If you’re going to see a Jane Austen movie, chances are you already know what you’re signing up for. This new edition of Emma. (with extra punctuation at no charge) feels like a slightly more arch version, given a dose of the stilted whimsy of Wes Anderson. It’s only a dash but it’s definitely enough to set the movie apart from its more austere brethren, which will either make it a fresh and reinvigorating take on the material for an audience or a quirky misfire not playing to the strengths of its source material. I fall somewhere in the middle, as I’m not the biggest fan of Austen’s comedic voice but appreciate her point of view and the way she can drop you into these very specific, very rarefied world of class, privilege, and ignorance. The movie’s pacing is quite slack and the scene-to-scene urgency can seem a bit in doubt, which works with the more arch portrayal but also makes the movie feel very long and borderline tedious at parts. The technical asides of Emma. are impressive, with the glorious costuming and art direction transporting an audience back to that early pastoral 19th century time period. Ana Taylor-Joy (Glass) is a sprightly choice as the titular matchmaker and her best moments are when she embraces the extremes, whether it’s being haughty, awkward, contentious, or the occasional dose of slapstick. She navigates the complicated minefield of others affections, trying to stay above it, while finding herself drawn to the free-spirited Mr. Knightly (Johnny Flynn), who is the only reason this movie is rated PG thanks to a brief flash of rear nudity. Mia Goth (Suspiria) is winning as a demure women feeling the highs and lows of love thanks to Emma’s friendly intervention. It is such an amusing change of pace for Goth, often performing as a sexpot. The real standout are the comic actors doing the most with their supporting turns.

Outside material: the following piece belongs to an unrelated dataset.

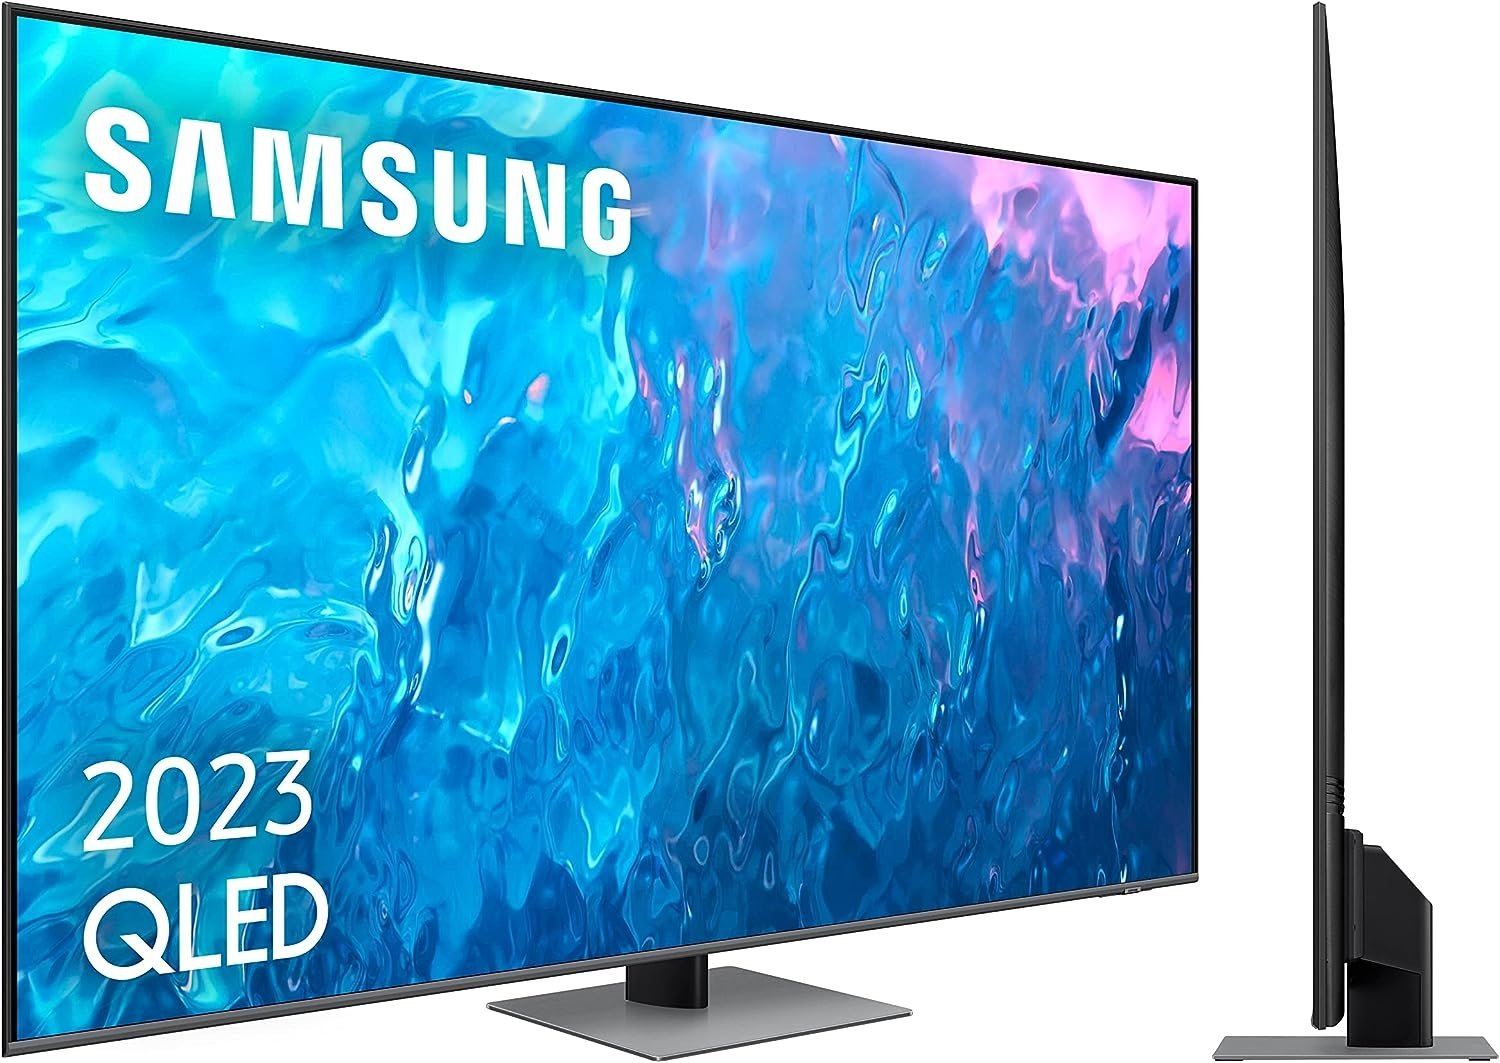 Aprovecha ahora y lleva a casa una smart TV Samsung de 75 pulgadas

Bill Nighy (Detective Pikachu) is highly amusing as the fussy hypochondriac father and Miranda Hart (Spy) is a welcomed presence as the oblivious, constantly nattering Miss Bates. It’s Emma’s show, though, and Taylor-Joy is an enjoyable lead surrounded by an exquisitely manufactured world of old. If you’re an Austen fan, Emma. is worth a watch. If you’re not, this won’t exactly be the movie that brings you over into the fanbase.